Materials are a designer's paint and canvas–and for the most part, they've remained pretty static in recent decades. But over the past few years, and in 2017 in particular, we saw new advances in material science that gave creators plenty of exciting toys to play with, from brand new colors and types of inks to new ways of reusing older materials. Here are six of the most innovative.
Super Black Paint From Car Exhaust
MIT Media Lab alum Anirudh Sharma invented a device that attaches to the exhaust pipe of vehicles to capture soot before it reaches the air. That's great for the environment–but it turns out it's also good for artists. Sharma and his colleagues found a way to transform this soot into black paint, and after years of research they released a series of inks, pens, and artist paints made of the material this year. Each pen's ink contains about 45 minutes of car exhaust–air pollution that was prevented from reaching people's lungs and can instead be turned into art.
The First 3D-Printed Floor
The Dutch company Aectual uses giant 3D-printing robots to lay down a super-durable recycled bio-plastic material across huge surfaces. Once a design is created, the cracks are filled in with terrazzo, a mix of recycled chips and a binding material. In 2017, it created custom floors for the clothing company Loft's flagship store in Tokyo, and then moved on to the floors for the Schiphol Airport in Amsterdam.

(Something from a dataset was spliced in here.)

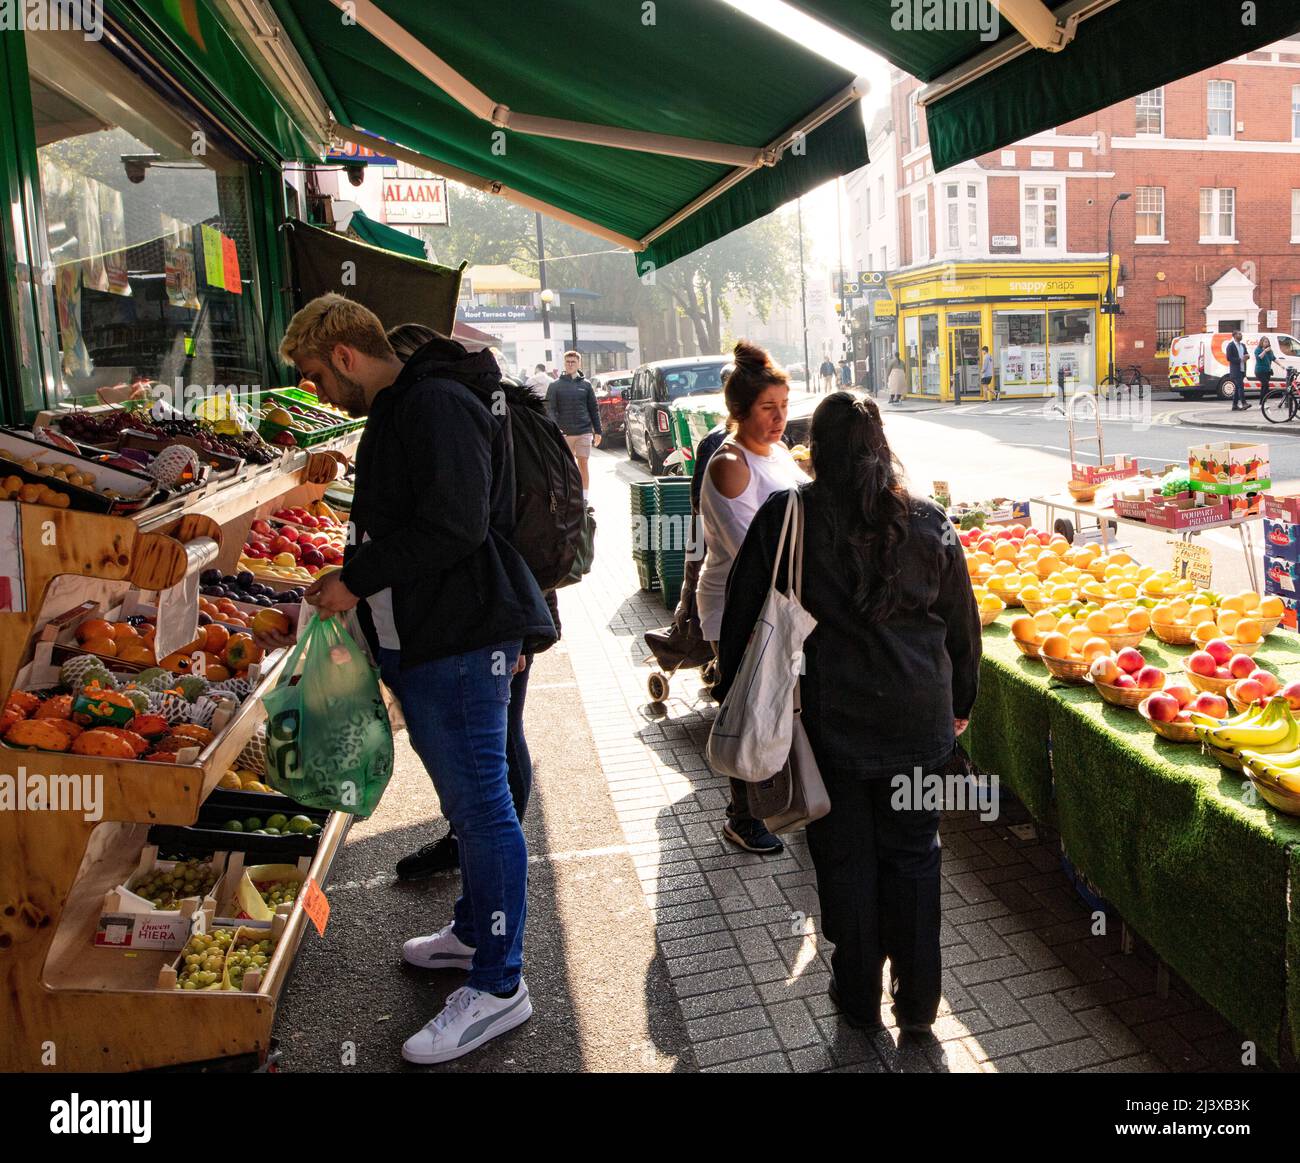 Obst- und Gemüsestände mit Canvas-Baldachin im Zentrum Londons am schönen Frühlingstag, an dem die Menschen die Produkte betrachten Stockfoto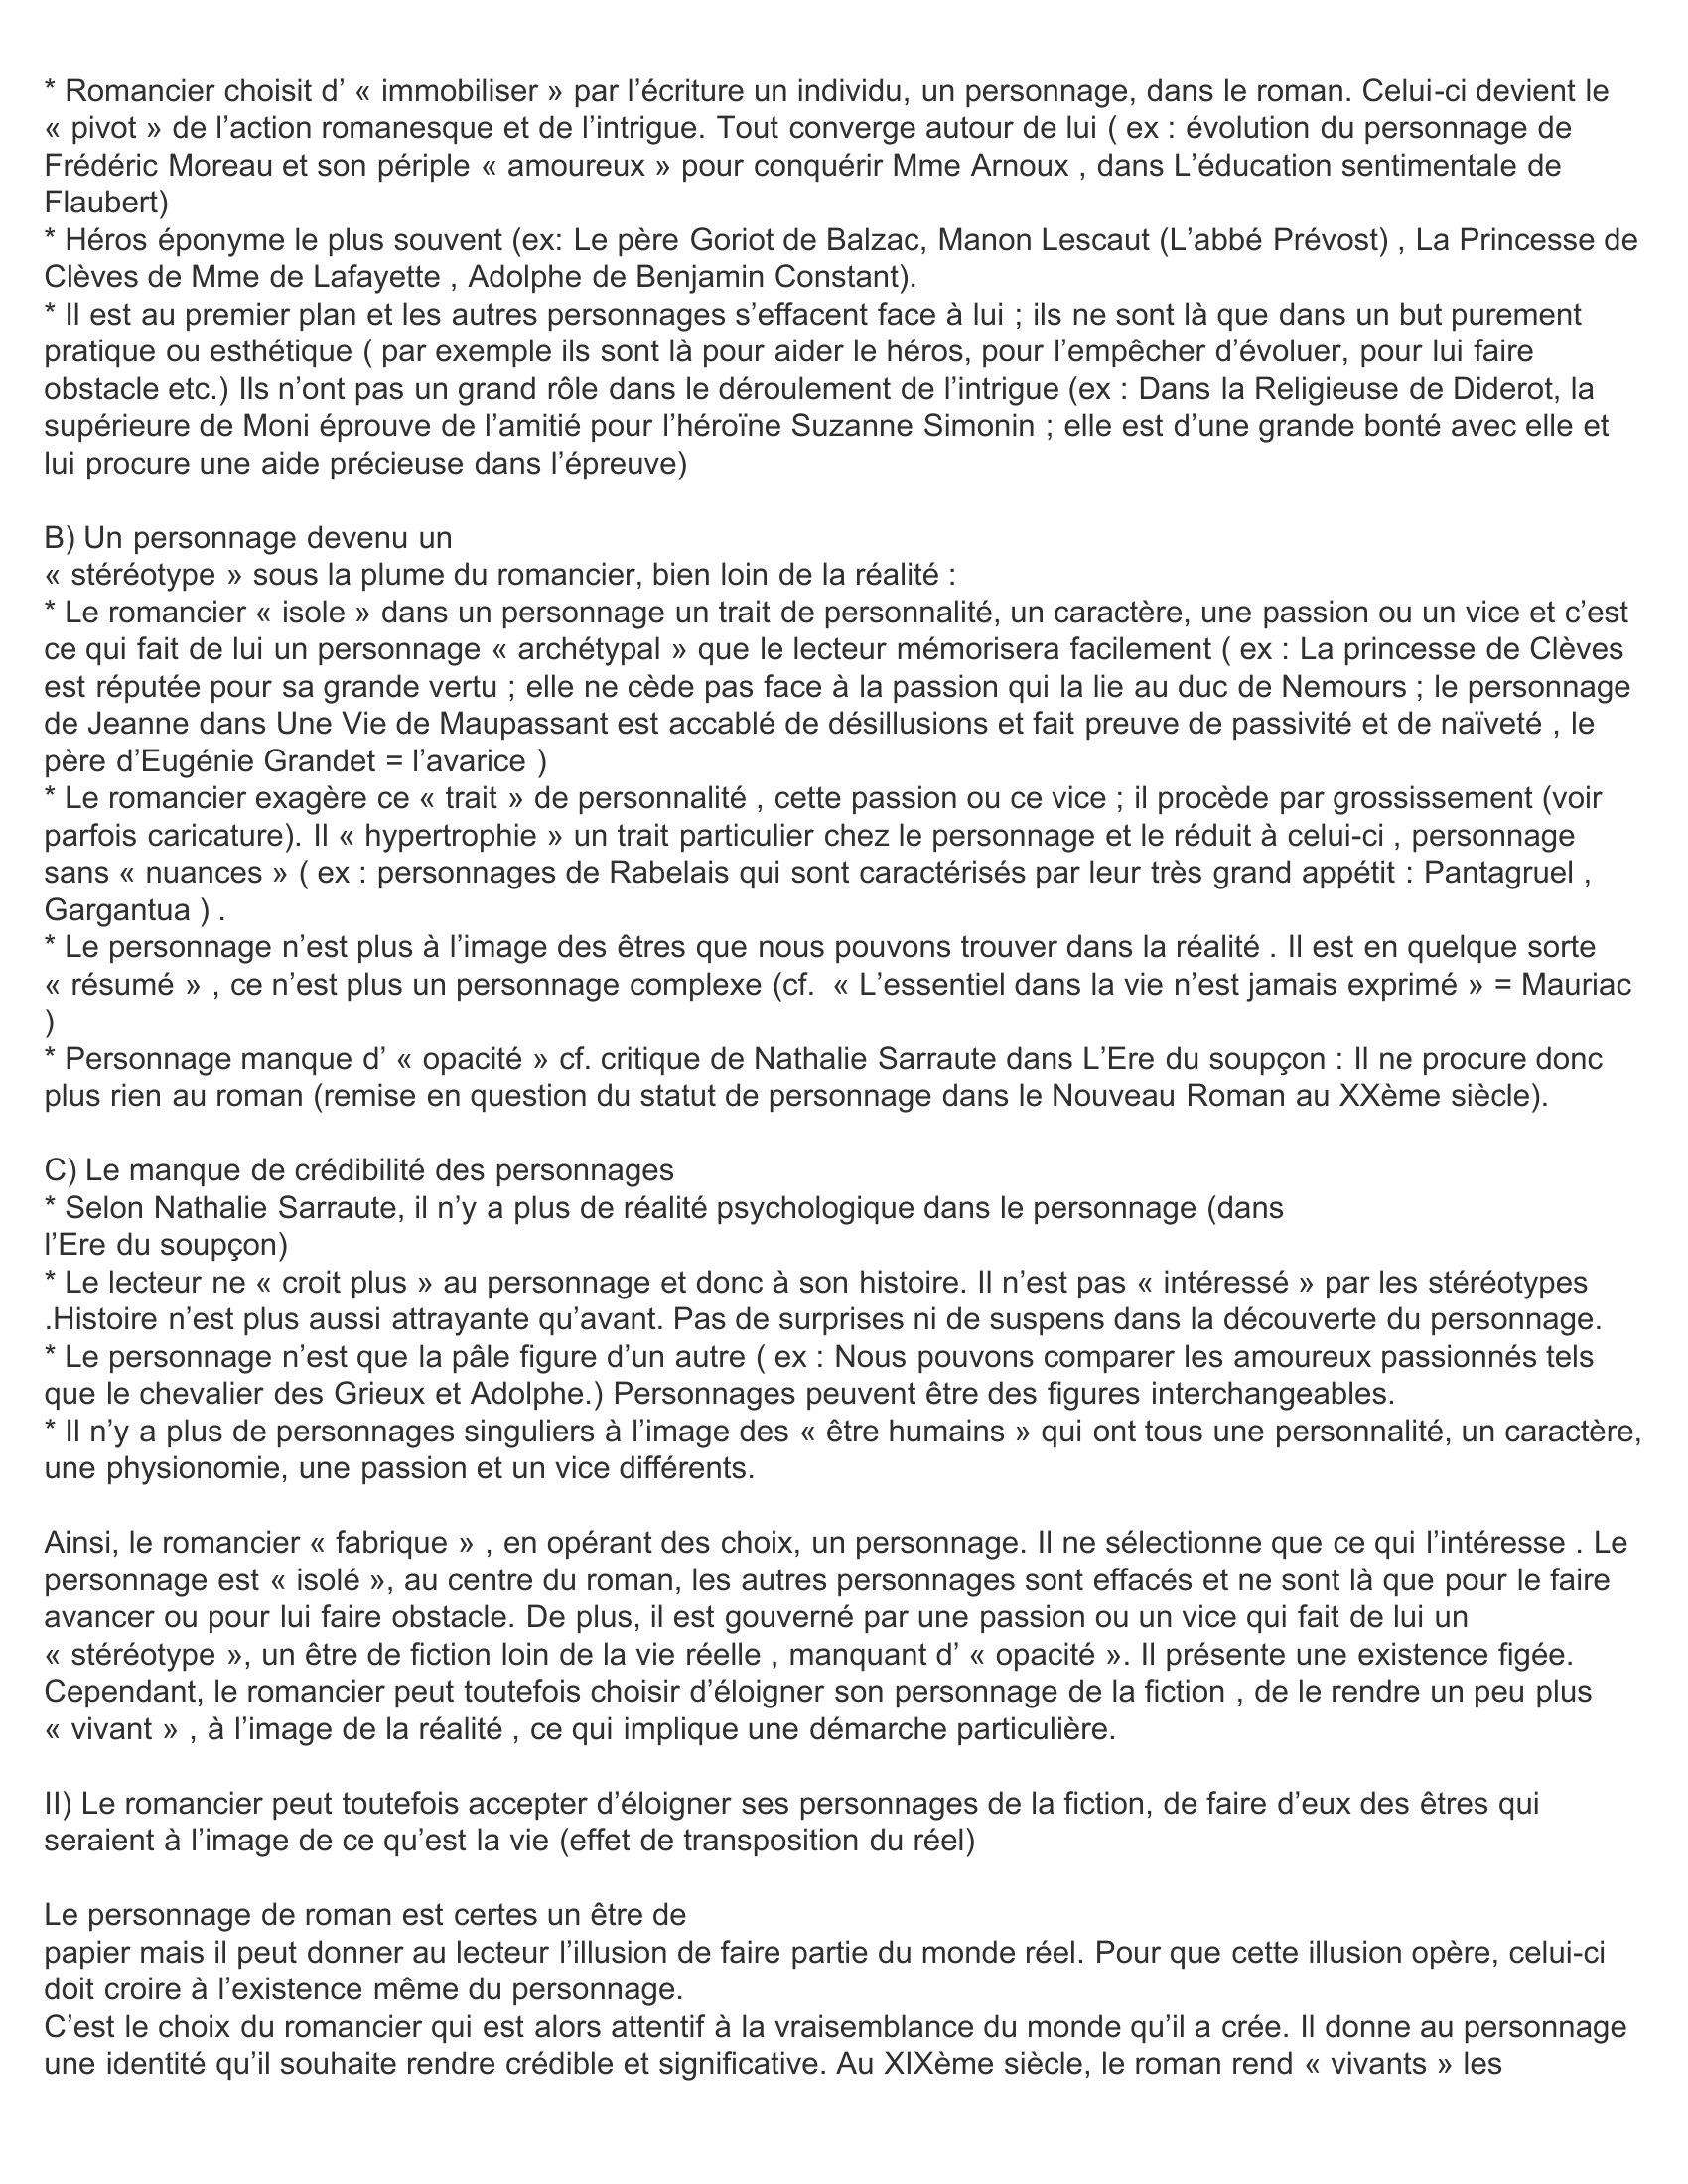 Prévisualisation du document DISSERTATION sur le personnage de roman selon une citation de François Mauriac (sujet CAPES 2004) Introduction et développement synthétique

[Photo: Melanie Gonick/Mit]
The Perfect Material For Building In Space
Graphene–a two-dimensional form of carbon–has long been considered a miracle material because it's so strong. This year, scientists at MIT found a way to turn this ultra-thin material into three-dimensional structures that are 10 times stronger than steel and only 5% as dense. The breakthrough material takes scientists one step closer to the sci-fi dream of building a space elevator. And in the meantime, it can also help reduce the amount of steel needed in infrastructure back on Earth.